Proteins are the building blocks of life. Made up of chains of amino acids, folded into complex shapes, their 3D structure largely determines their function. Once you know how a protein is folded, you can begin to understand how it works and how to modify its behavior. Although DNA provides the instructions for making the chain of amino acids, predicting how they interact to take on a 3D shape was more complicated, and until recently scientists had only discovered a fraction of the roughly 200 million proteins known to science. .

In November 2020, the Artificial Intelligence group DeepMind announced that they had developed a program called AlphaFold that could quickly predict this information using an algorithm. Since then, he has analyzed the genetic codes of every organism whose genome has been sequenced and predicted the structures of the hundreds of millions of proteins they collectively contain.

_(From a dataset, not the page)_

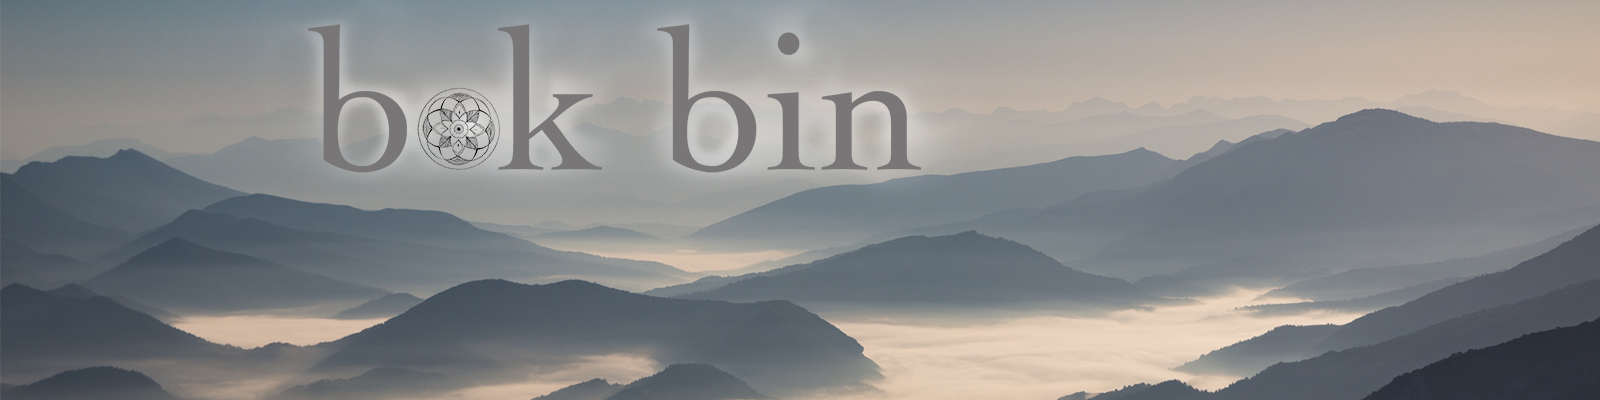 Bok Bin header montagnes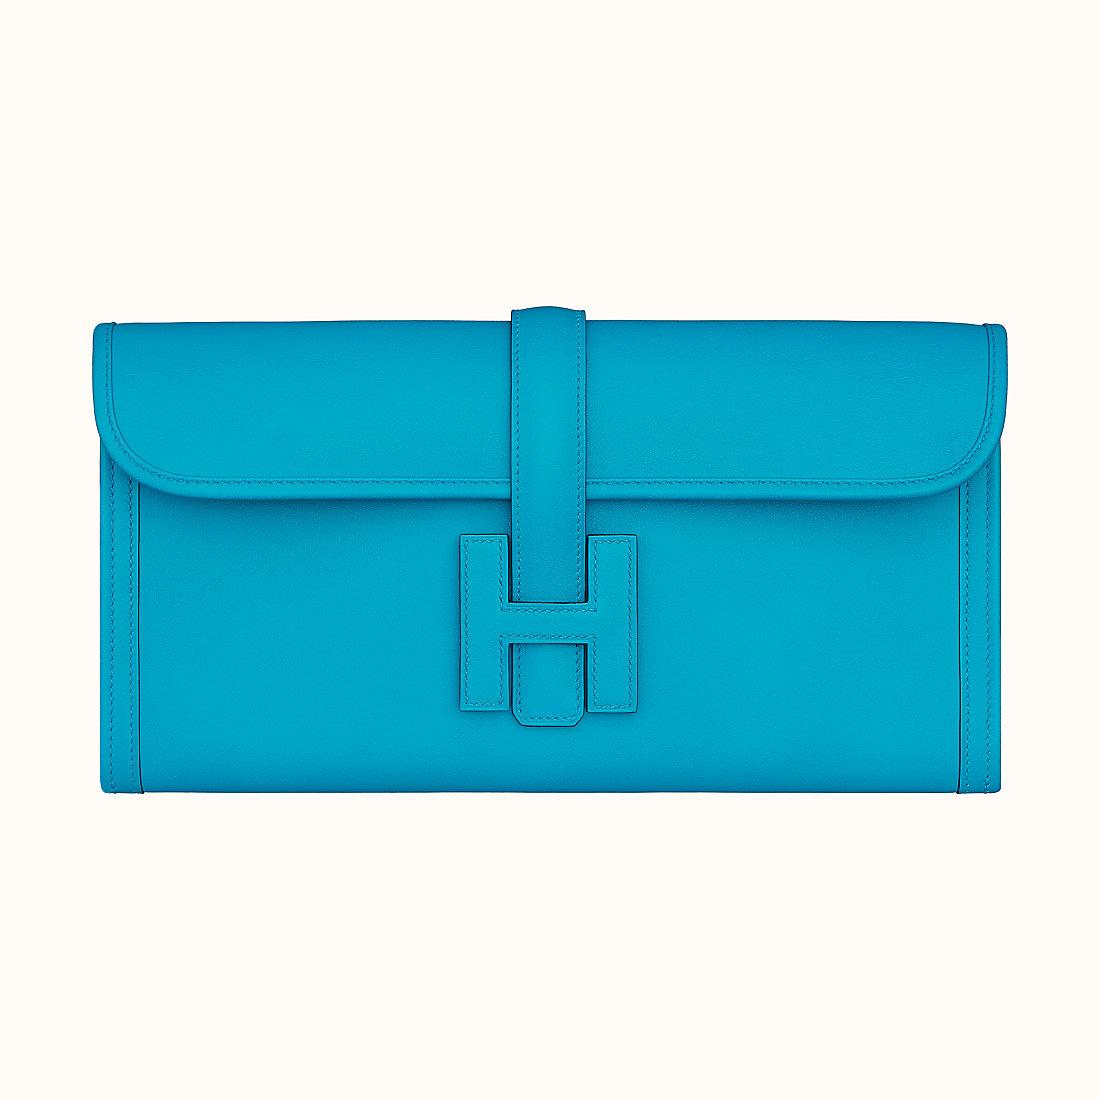 Macao Hermes Jige Elan 29 verso clutch Bleu Frida/Rose Mexico

Last year, DeepMind published the protein structures of 20 species – including nearly all of the 20,000 existing human proteins – in a freely accessible database. Now he has completed the work and published the predicted structures of over 200 million proteins.

“Basically, it can be considered to cover the whole universe of proteins. It includes predictive structures for plants, bacteria, animals and many other organisms, creating huge new opportunities for AlphaFold to impact important issues such as sustainability, food insecurity and neglected diseases. said Demis Hassabis, founder and CEO of DeepMind.

Scientists are already using some of their early predictions to develop new drugs. In May, researchers led by Professor Matthew Higgins from the University of Oxford announced that they were using AlphaFold models to help determine the structure of a key malaria parasite protein and determine where antibodies might block the transmission of the parasite.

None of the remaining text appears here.